Irwin, I'm so sorry. I know what this does to a child. And speaking for myself, it's effected my entire life.


----------



## peramangkelder (Aug 25, 2021)

Irwin said:


> I cut off all contact with my mother and my sister almost 20 years ago. I was tired of all the dishonesty and nastiness.


Similar for me too @Irwin Mum, my sister and my 2 adult children seem to make
dishonesty their life's work


----------



## Judycat (Aug 25, 2021)

grahamg said:


> You've got to understand the pursuit of ruthless self interest if you are to get an inkling into what has gone on here, and who exactly might be thinking that way, (I've behaved as you suggest for far too long, and very foolishly I now believe).
> 
> Thanks for telling me to "live your own life", (I wont pretend to know whether you follow this maxim well enough, so cant tell you to in return, but I will presume you do ).


So what's your next move? Stalking? Daily phone calls? Visiting her at her job and holding her boss at gunpoint? These will definitely get you an appointment with a judge and maybe some jail time.


----------



## grahamg (Aug 25, 2021)

Judycat said:


> So what's your next move? Stalking? Daily phone calls? Visiting her at her job and holding her boss at gunpoint? These will definitely get you an appointment with a judge and maybe some jail time.

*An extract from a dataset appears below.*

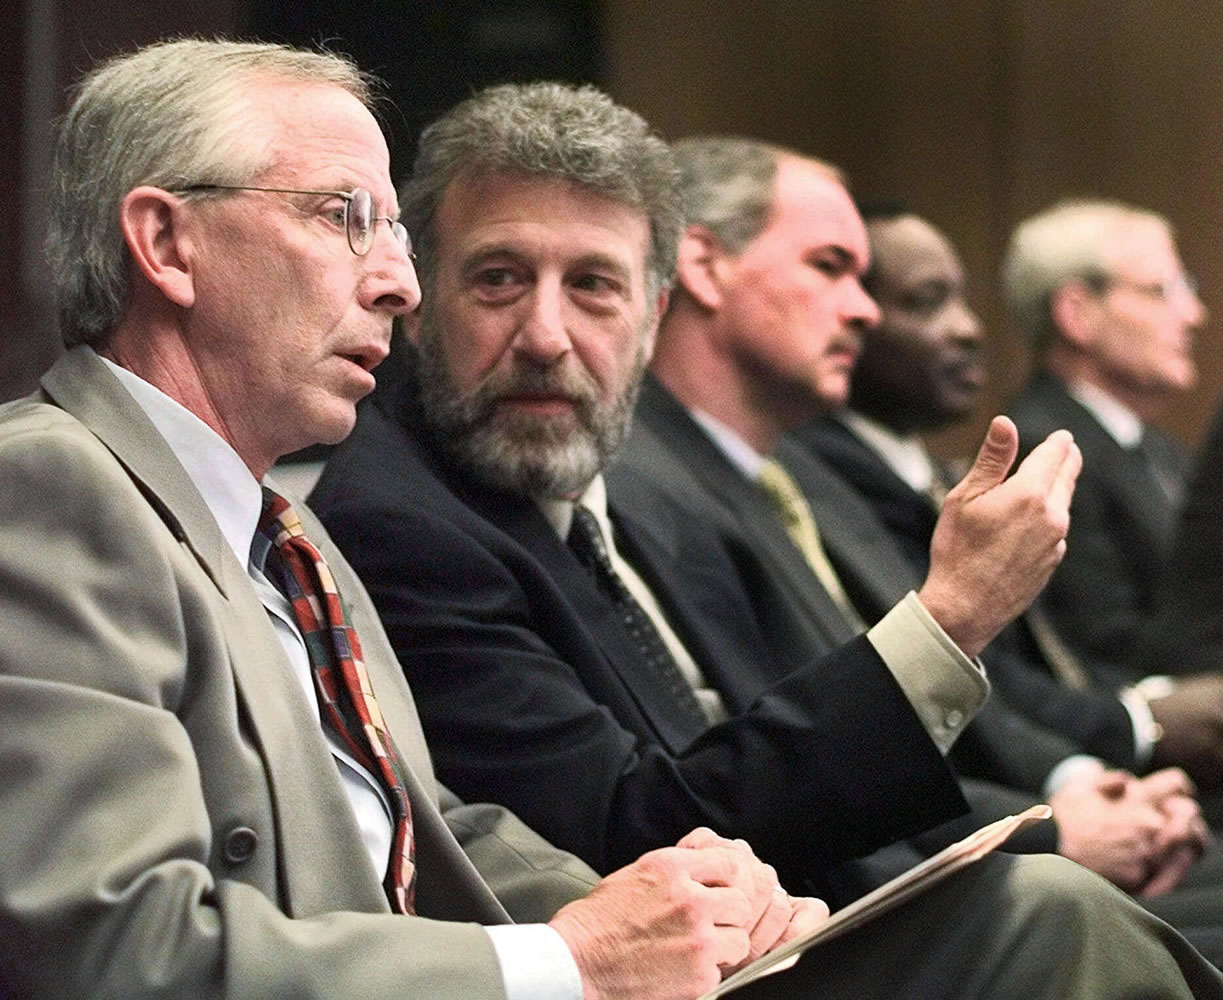 George Zimmer, center, founder of Men's Wearhouse, was fired by the company Wednesday.

I think you're assuming wayyyy too much about my character there.

I've had my daughter's address for about two years, and never once attempted to even go past her house, though I visit the city a few times a year, (I've had her mobile number for five or more years, and not sent a text, let alone telephoned, since the visit described in the OP.

As a "super sleuth" therefore, I'd say you've a bit to learn, (ditto amateur psychologist), and I couldn't see a lawyer in the Perry Mason mould, hiring you like Paul Drake anytime soon!


----------



## Judycat (Aug 25, 2021)

grahamg said:


> I think you're assuming wayyyy too much about my character there.
> 
> I've had my daughter's address for about two years, and never once attempted to even go past her house, though I visit the city a few times a year, (I've had her mobile number for five or more years, and not sent a text, let alone telephoned, since the visit described in the OP.
> 
> As a "super sleuth" therefore, I'd say you've a bit to learn, (ditto amateur psychologist), and I couldn't see a lawyer in the Perry Mason mould, hiring you like Paul Drake anytime soon!


 Ya right.


----------



## grahamg (Aug 25, 2021)

Aunt Bea said:


> IMO it’s not about her it’s about you. You can’t control your family’s behavior or recollections of the past but you have complete control over your behavior.
> I agree with Gary. Keep the door open by accepting the invitation. Keep it light and enjoy yourself without delving into the past or turning it into a family therapy session. Good luck to you and your family.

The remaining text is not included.